As growing areas were cleared by the FDA, shipments resumed and tomatoes slowly returned to the market. On average, about 14 million pounds of fresh-market tomatoes (excluding grape and cherry) are shipped each day. For example, if none were sold for 10 days, the loss would have a farm value of about $61 million (at the April-May average price), according to USDA.

The illnesses were caused by Salmonella serotype Saintpaul, an uncommon type of Salmonella. Since mid-April, there had been 652 illnesses in 34 States (nearly half of all illnesses occurred in Texas) linked to fresh tomatoes sourced from both retail and food service outlets.

Cherry tomatoes, grape tomatoes, and tomatoes with the vine still attached were not included in the FDA alert. According to the FDA, there have been at least 12 multi-state foodborne illness outbreaks associated with fresh tomatoes since 1990, mostly resulting from contamination with Salmonella. In response, the FDA began the Tomato Safety Initiative in 2007 to reduce foodborne illness by focusing food safety efforts on specific products, practices and growing areas that have been found to be problematic in the past.

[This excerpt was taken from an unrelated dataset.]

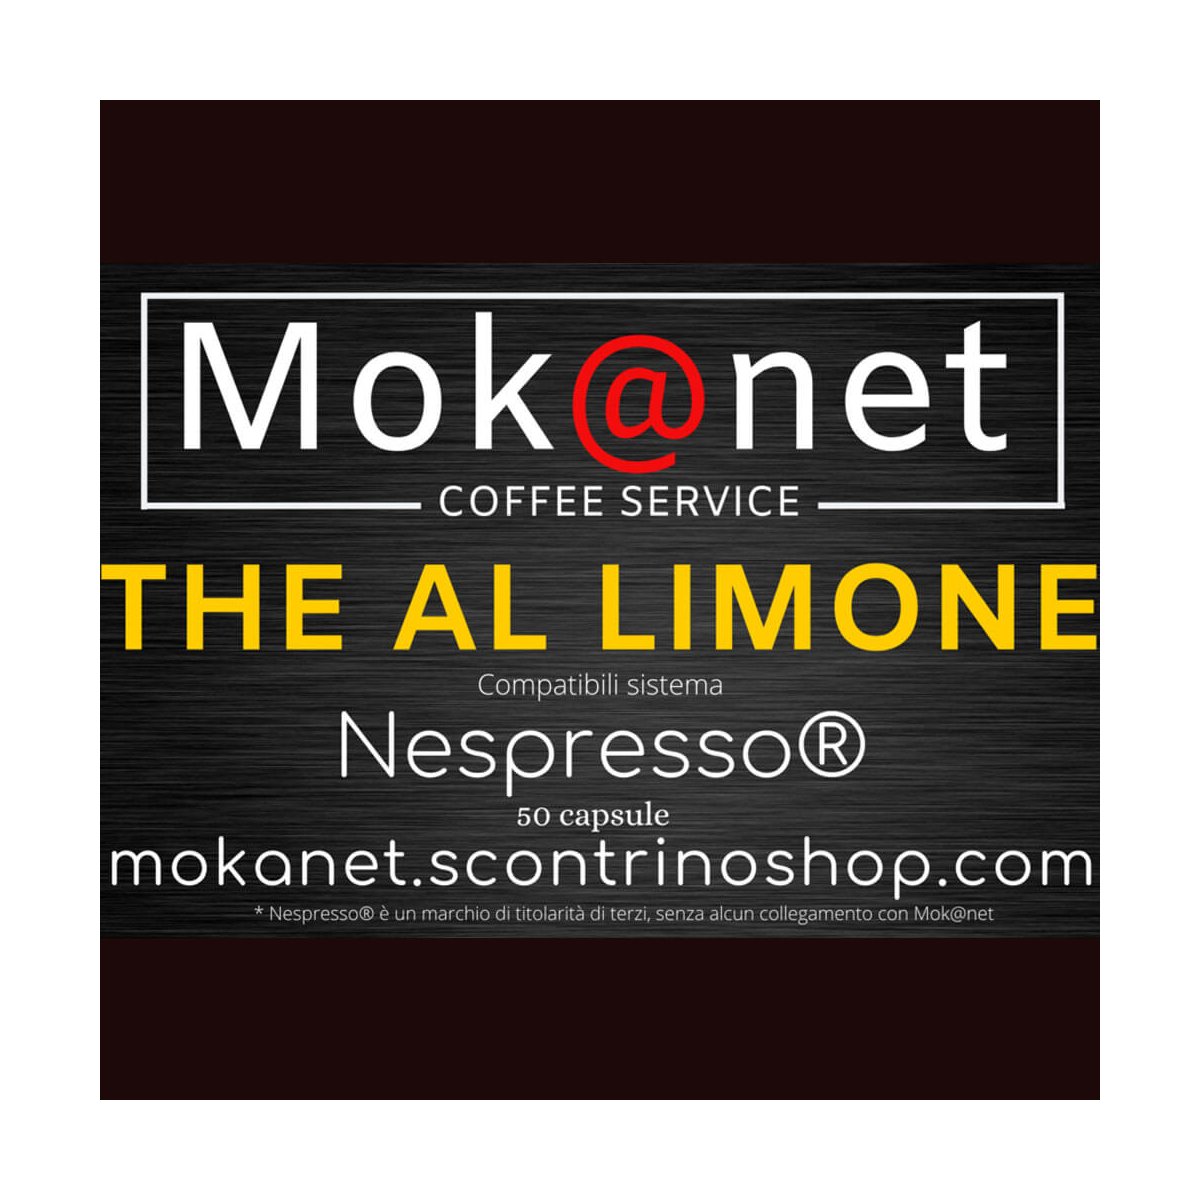 100 CAPSULE COMPATIBILI Nespresso MOK@NET "THE AL LIMONE"

During the April-June quarter of 2007, Florida shipped 71 percent of the field-grown round tomato market. The state was also the source of 30 percent of the roma/plum tomato supply, 69 percent of grape tomato supplies, 29 percent of cherry tomato supplies, and a small but unknown share of the greenhouse tomato market.

California, which does not ship tomatoes until June, supplies just 4 percent of the spring quarter tomato market (excluding greenhouse product). All other states, which also don’t begin shipping field-grown product until June, account for less than 4 percent of the field-grown market during the spring. Domestically grown greenhouse tomatoes account for 8 percent of the total tomato market during the spring, with imported greenhouse tomatoes garnering another 17 percent.

Thus, greenhouse-grown tomatoes now account for one-fourth of all tomato shipments during the spring months. Imports accounted for 40 percent of all tomato movement in the United States during the spring of 2007. Imports accounted for 14 percent of the field-grown round tomato supply, 67 percent of the roma/plum tomatoes, 69 percent of the cherry tomatoes, 26 percent of grape tomatoes, and 67 percent of the greenhouse tomato supply.

Mexico accounts for 85 percent of all tomato imports during this period, followed by Canada (14 percent, virtually all greenhouse grown), and the Netherlands (less than 1 percent, all greenhouse grown).